[ 
https://issues.apache.org/jira/browse/IMPALA-8479?page=com.atlassian.jira.plugin.system.issuetabpanels:comment-tabpanel&focusedCommentId=16836804#comment-16836804
 ] 

Vihang Karajgaonkar commented on IMPALA-8479:
---------------------------------------------

The snippet provided above reproduces the issue because of the way metastore 
provides transaction isolation. By default metastore provides read-committed 
transaction isolation (unless user has overridden 
{{datanucleus.transactionIsolation}} configuration on the metastore to 
{{repeatable-read}} level which is highly unlikely)
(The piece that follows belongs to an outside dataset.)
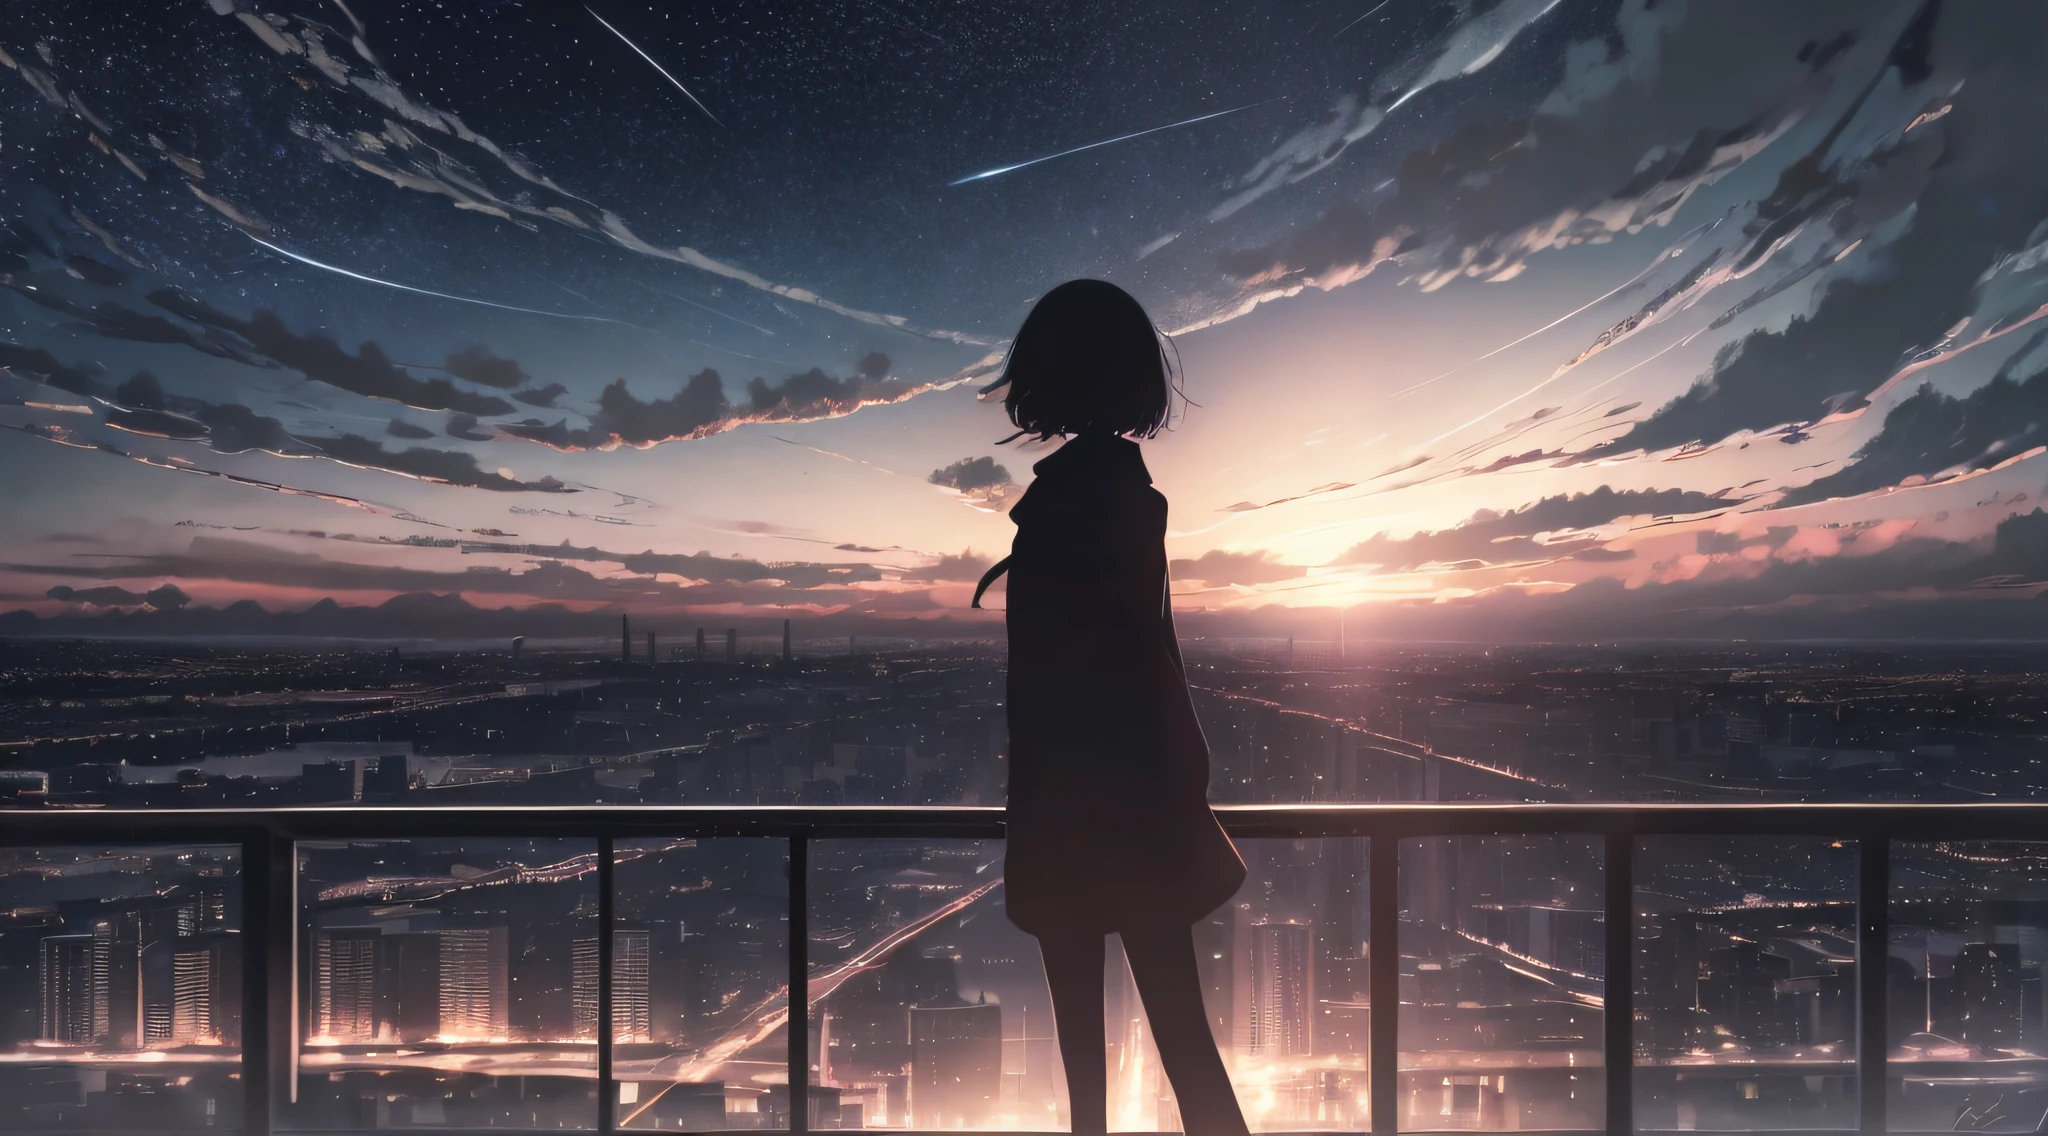 Anime,silhouette,1fille, étoile (ciel), nuage, villescape, bâtiment, ville, en plein air, cielscraper, ville lights, nuit, nuit ciel, coucher de soleil, cielline, ultra haute définition,

When Impala refreshes a table it requests partitions in 2 steps. First it 
fetches all the partition names and then it requests all the partitions for the 
fetched names. Both these steps happen in separate transactions. This should be 
fine since we don't verify that number of fetched names is equals to number of 
partitions received. The problem occurs when for example another transaction is 
dropping some partitions of the same table at the same time. Since fetching 
partitions in directSQL path is done by issuing many select statements it is 
possible that the another transaction removed some of the partitions in between 
the two select statements which are fired by the {{get_partitions_by_names}} 
API. In such case, a partially filled partition can be returned which in this 
case triggers the error. For example following sequence of events can cause 
this problem to occur.

Session 1 issues {{get_partitions_by_names}} API. This internally issues many 
select statements so something like

S1: {{get_partitions_by_names}} 

S1:    --> open_transaction

S1:    --> select all partition ids for the given table and names

S2:  {{drop_partition_by_name}}

S2: {{open transaction}}

S1: --> select on params table for fetching parameters etc

S2: drops a partition by name

S2: {{commit}}

S1:   --> select on partition values table for fetching partition_values --> 
this will not return values for the partitions which are dropped by S2. All 
such partitions will be incomplete and cause this problem on Impala side.

S1: {{commit}}

S1: above returns some partially filled partitions.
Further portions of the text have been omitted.